### Background

Recall that the goal of the 605 course is to not only improve critical appraisal skills, but also to think about research questions, designs, and the necessary compromises that are often required in research. Hopefully this adds another dimension to typical journal clubs where either an article in uncritically endorsed enthusiastically or trashed unmercifully, although this is sometimes quite merited

This week’s selected article was the 2023 publication Breaking Up Prolonged Sitting to Improve Cardiometabolic Risk: Dose–Response Analysis of a Randomized Crossover Trial concluding

The present study provides important information concerning efficacious sedentary break doses. Higher-frequency and longer-duration breaks (every 30 min for 5 min) should be considered when targeting glycemic responses, whereas lower doses may be sufficient for BP lowering.

In this paper, of 25 participants who attended a screening visit, 18 were randomized and 11 completed the randomized crossover designed study which investigated 5 different strategies to examine the acute effects of multiple doses of a light-intensity walking-based sedentary break intervention on cardiometabolic risk factors among middle- and older-age adults. The trial conditions consisted of one uninterrupted sedentary (control) condition and four acute (experimental) conditions that entailed different sedentary break frequency/duration combinations: (1) light-intensity walking every 30 min for 1min, (2) light-intensity walking every 30 min for 5 min, (3) light-intensity walking every 60 min for 1 min, and (4) light-intensity walking every 60 min for 5 min. As the largest response was for glucose differences, will restrict this commentary to that outcome.

Before applying any reanalyzing of their data, let’s just stop for a moment and ask ourselves the following question

How likely do we think a study with only 11 individuals can detect meaningful glucose difference in glucose measurements with these anti sedentary strategies?
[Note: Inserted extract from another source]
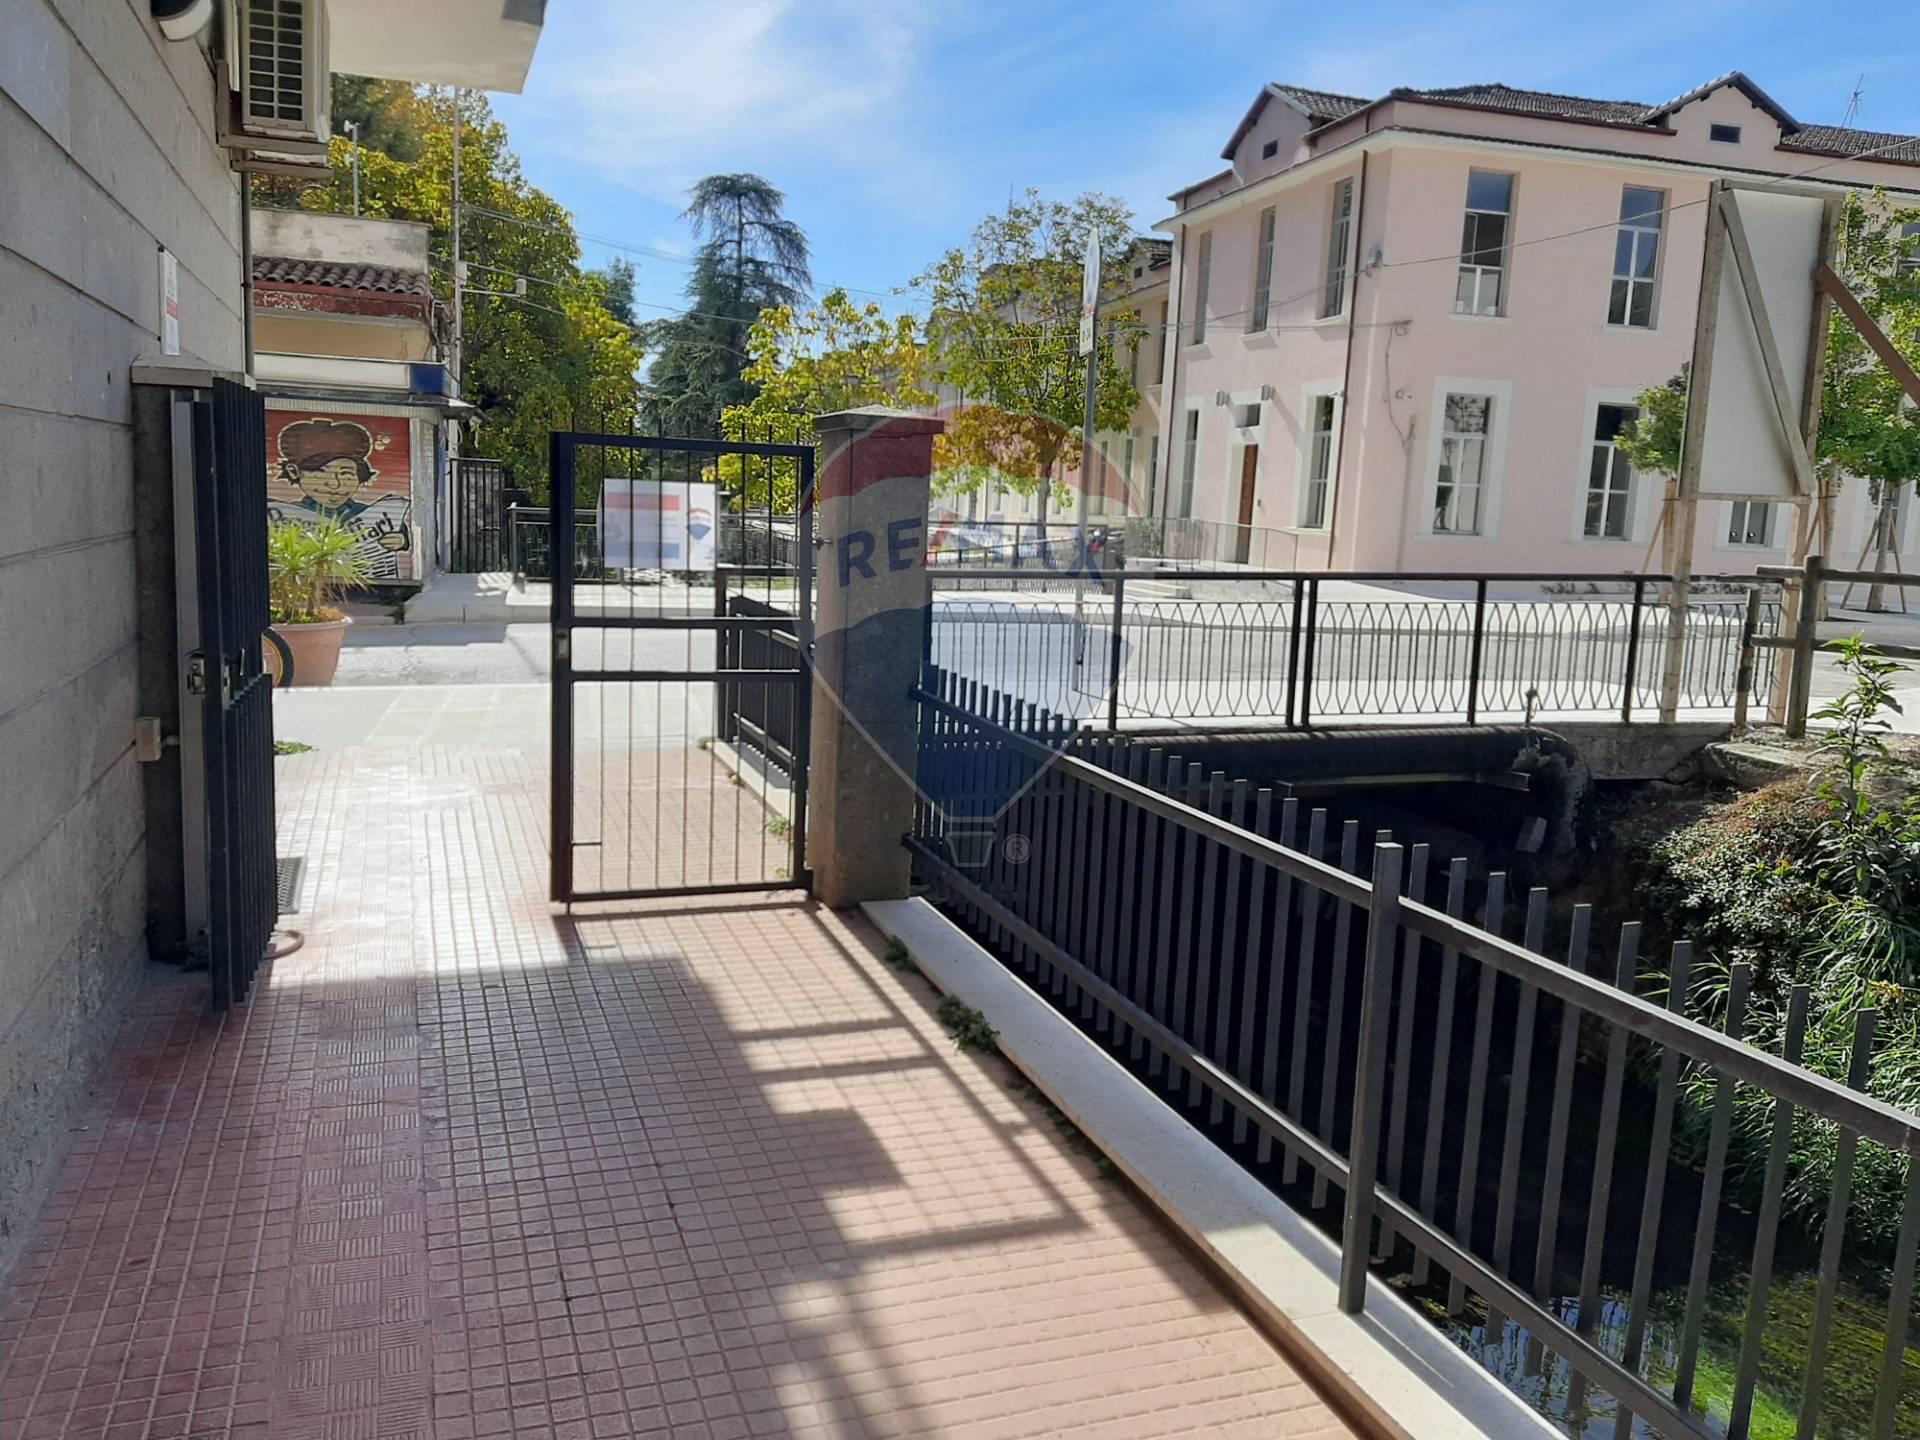 Appartamento in vendita a Popoli, 5 locali, prezzo € 80.000 | CambioCasa.it

Would one expect the differences to be so large that they could be detected by this small a sample size?

In any case, their conclusion appears supported by their published Figure 1 as shown here

This Figure is remarkable for 2 main points

1. The early separation between the control and intervention groups which appears maximum for 5 minutes exercise every 30 minutes

2. The outcome is not the glucose level from each randomized but the difference in level compared to the control (baseline) group.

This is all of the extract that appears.